▶ **Problem details**:
Reproduce the listing below exactly, minus its pictures.

▶ **Supplied information**:
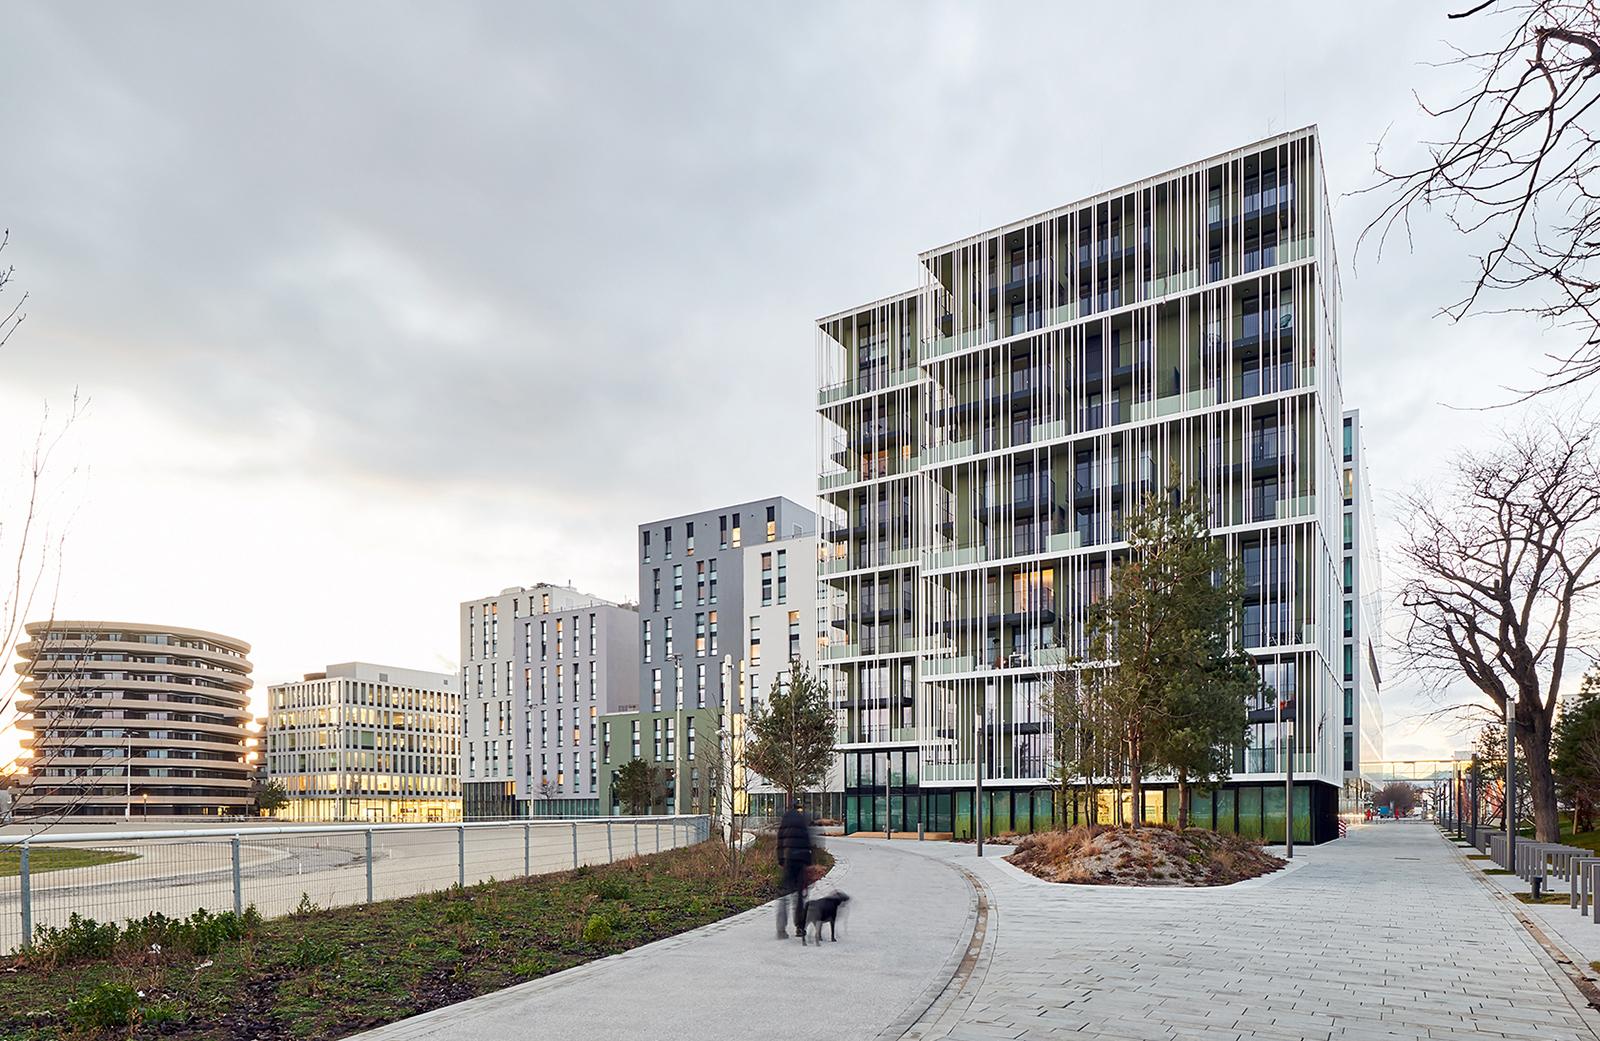 Chaix & Morel et associes | CAP Architekten
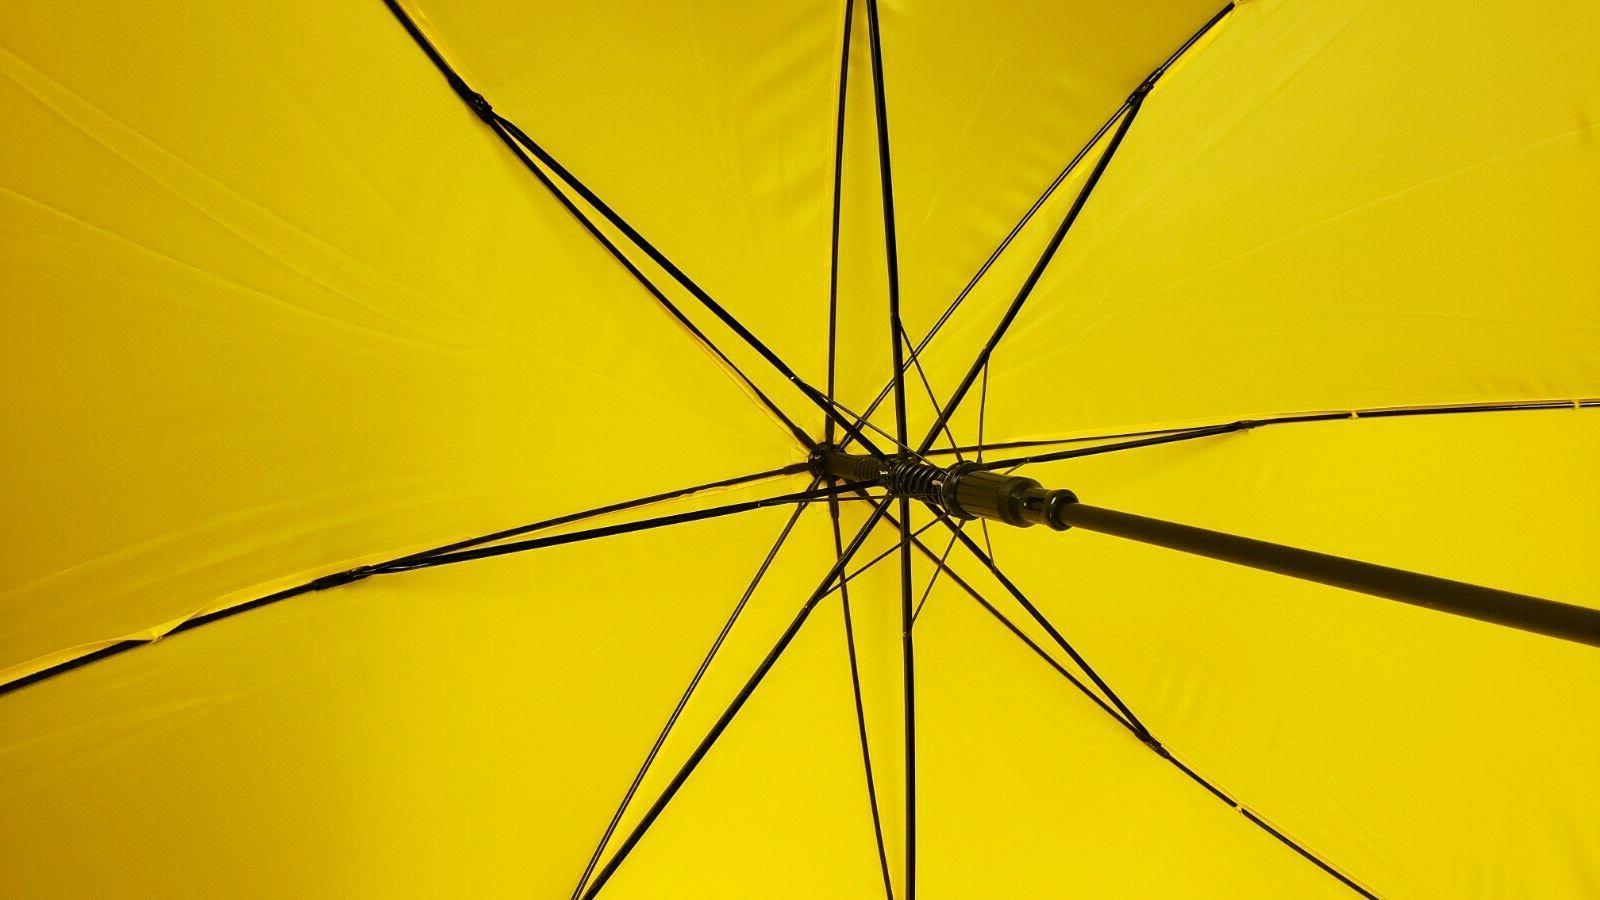 "48"" Handle Umbrella-RainStoppers, Rain/Sun Fashion,Travel"
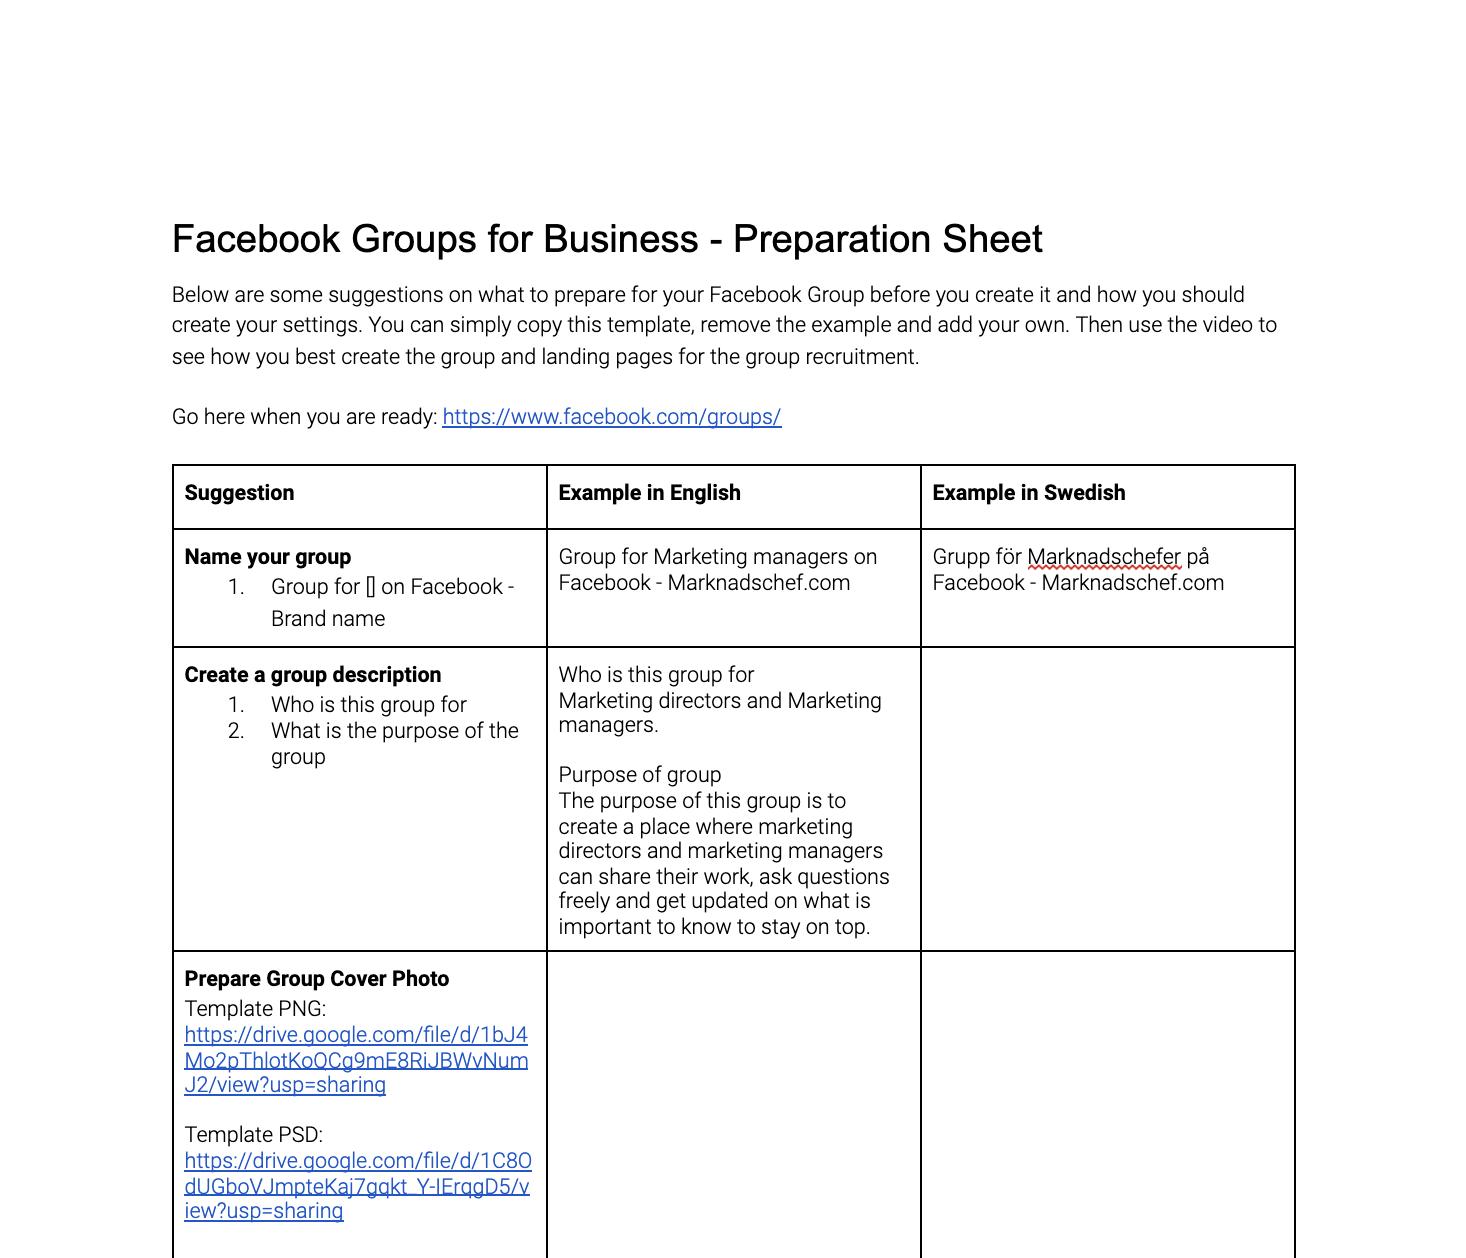 Facebook Group preparation template
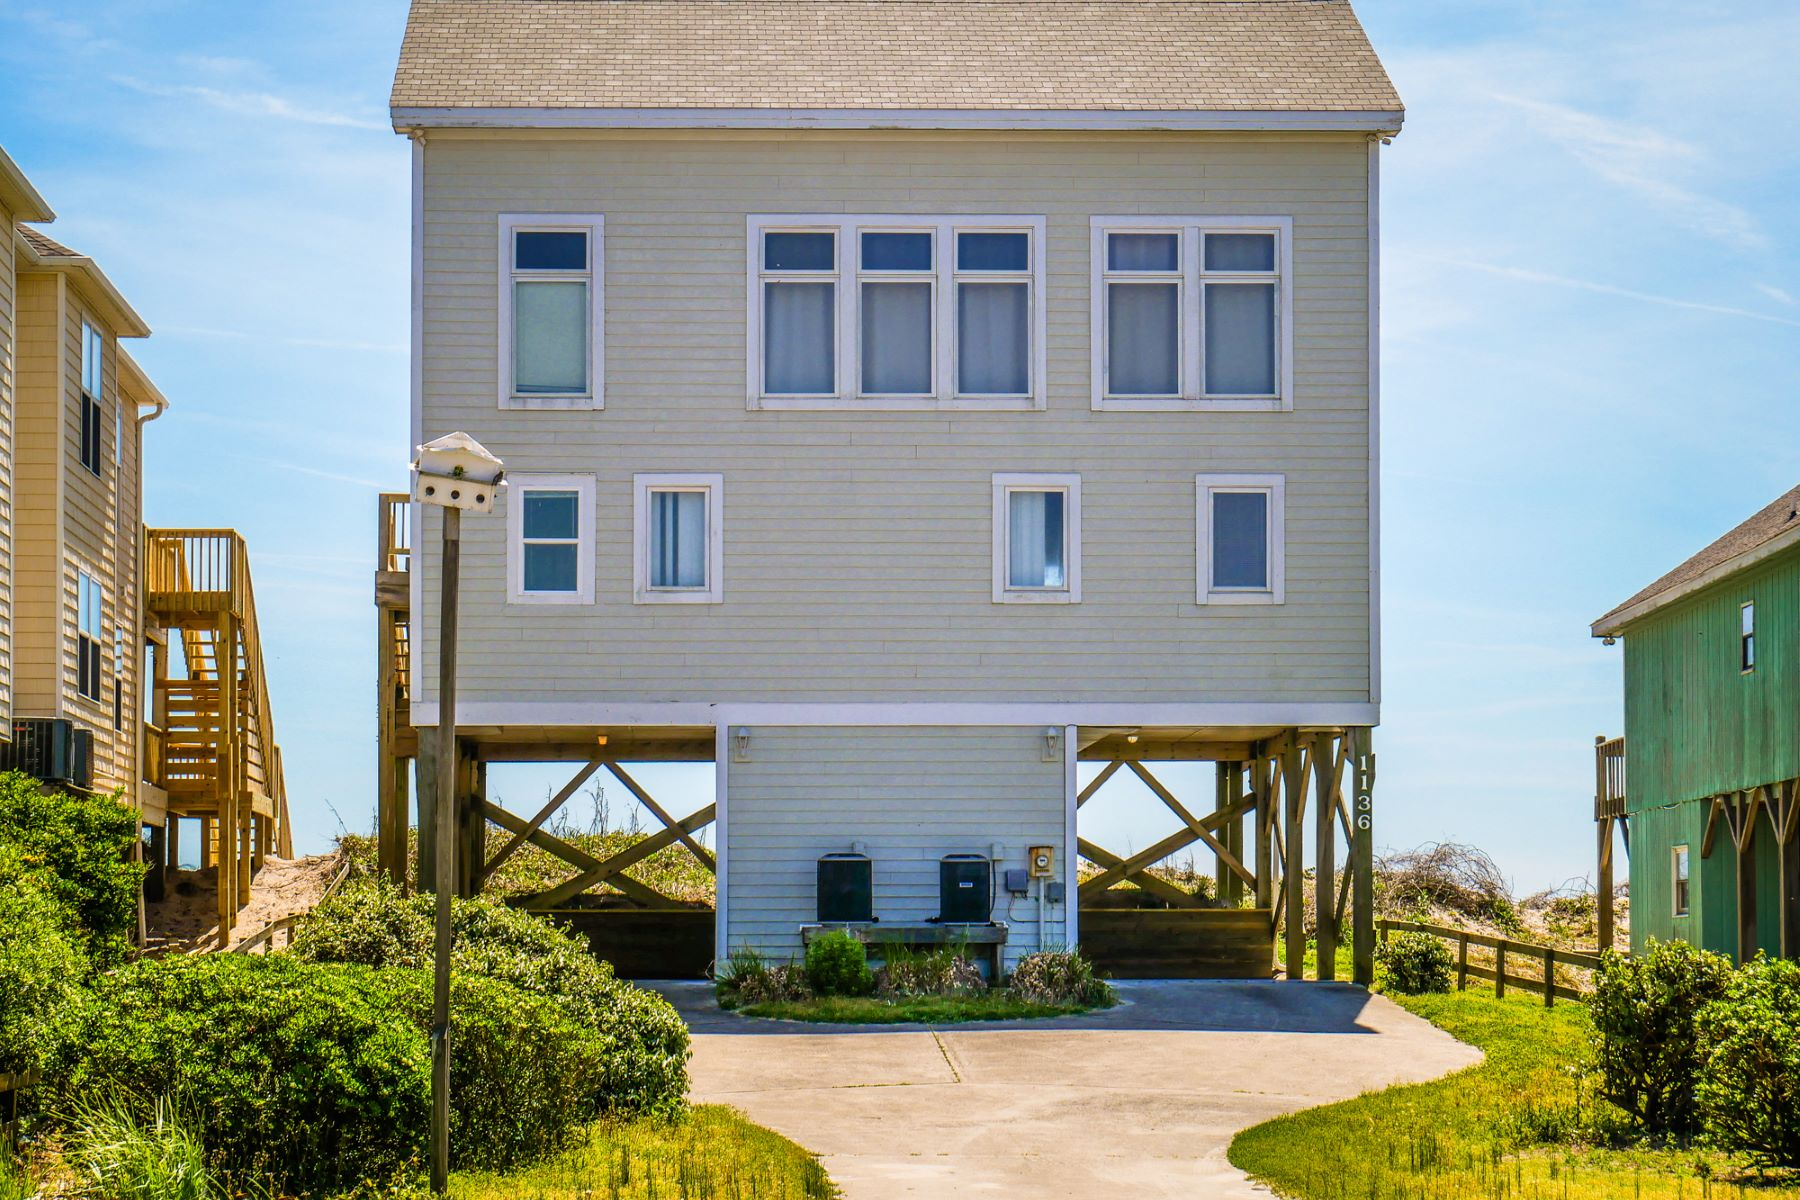 Single Family Homes για την Πώληση στο Oceanfront Home in Coveted Area 1136 S Shore Drive, Surf City, Βορεια Καρολινα 28445 Ηνωμένες Πολιτείες

▶ **Final answer**:
 Chaix & Morel et associes | CAP Architekten
 "48"" Handle Umbrella-RainStoppers, Rain/Sun Fashion,Travel"
 Facebook Group preparation template
 Single Family Homes για την Πώληση στο Oceanfront Home in Coveted Area 1136 S Shore Drive, Surf City, Βορεια Καρολινα 28445 Ηνωμένες Πολιτείες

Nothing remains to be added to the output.